Concrete or steel? It’s probably one of the first questions you’ll be asked the next time you look at adding a new structure to your facility. And rightly so, after all, it’s the one decision that will literally determine the very foundation upon which your structure will be built.

So, which one is right for you? Well, it depends.

At CoverSix, we’re one of the world leaders in the construction of hardened and robust structures and we exclusively use custom-made steel frames, however, depending on the placement and use of your building, we believe concrete may also be a viable option.

To help you make an informed decision, we’ve looked at both concrete and steel-frame construction based on construction efficiency, overall flexibility, strength, durability, safety, sustainability and of course, affordability.

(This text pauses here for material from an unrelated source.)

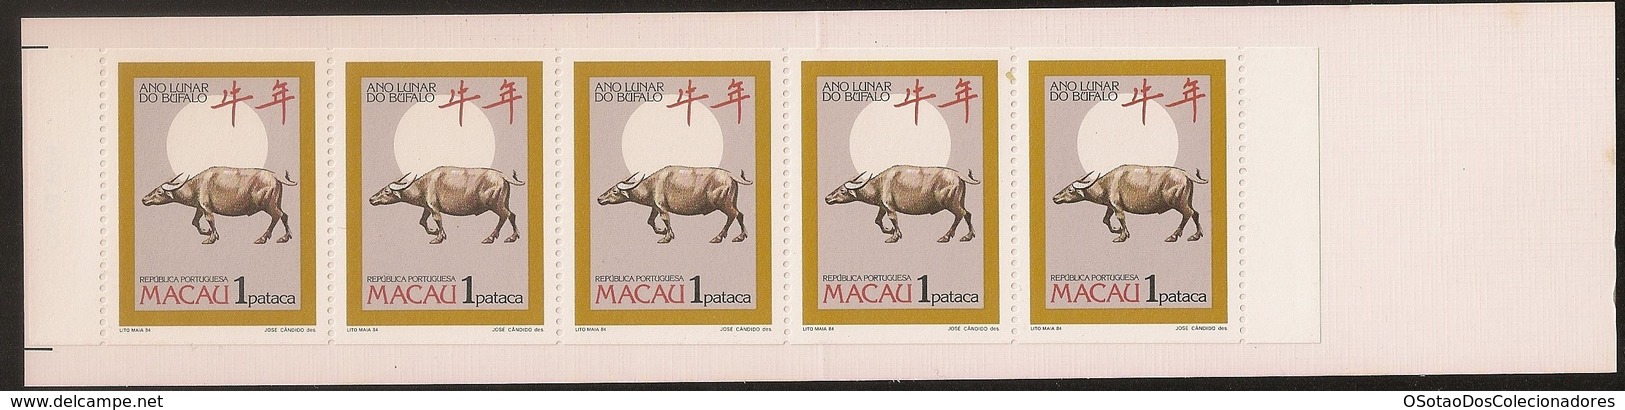 Macau Macao Chine Caderneta 1985 - Ano Lunar Do Bufalo - Chinese New Year - Year Of The Ox - MNH/Neuf - Carnets
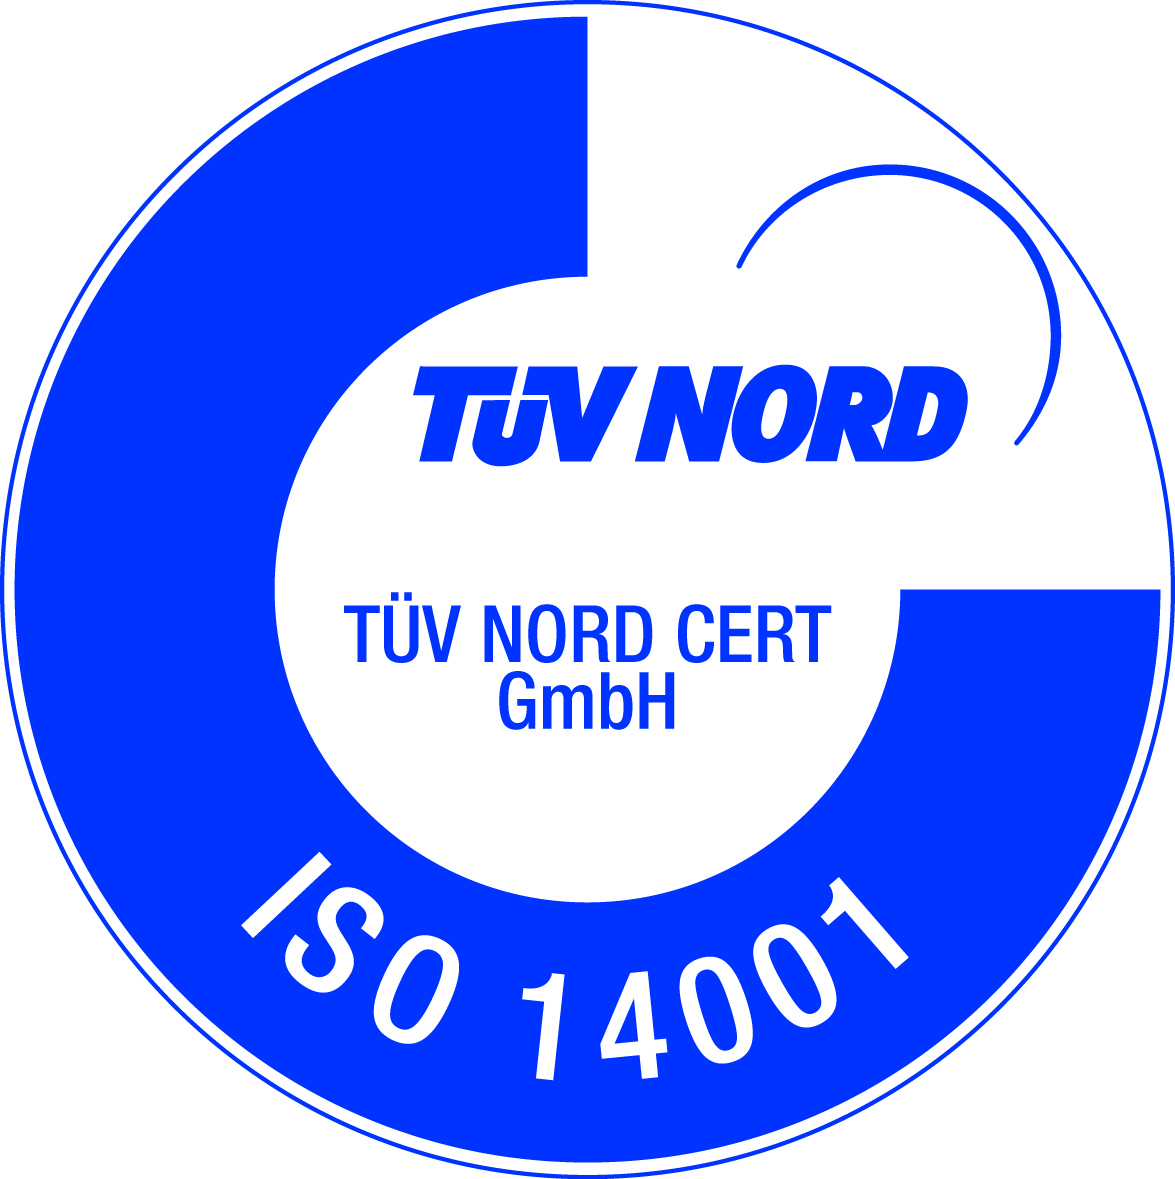 ISO 14001 LOGO

When it comes to the actual construction of a building, the fact that concrete is almost always readily available is a huge advantage. (We say “almost always” because in times of construction booms—especially after a natural disaster—supplies can run low.) That said, concrete construction does require skilled contractors and the time it takes for the material to cure can lead to longer construction times.

With steel construction, the lead time is on the front end since the materials have to be ordered and shipped to the construction site. However, once the materials are on hand, the fact that the steel pieces have been made to the exact specifications of a CAD drawing means that assembly can usually happen within a matter of days.


For design considerations, both concrete and steel have their advantages. 

On the one hand, a concrete structure can take virtually any shape—something you just can’t do with steel (even though some amazing things have been done with steel fabrication).

On the other hand, steel has a much higher strength-to-weight ratio than concrete, allowing for the creation of structure that can span great distances without the need for interior columns—resulting in large, open spaces suitable for a variety of uses. If the same design was attempted using concrete, the massive weight of the structure would ultimately lead to collapse.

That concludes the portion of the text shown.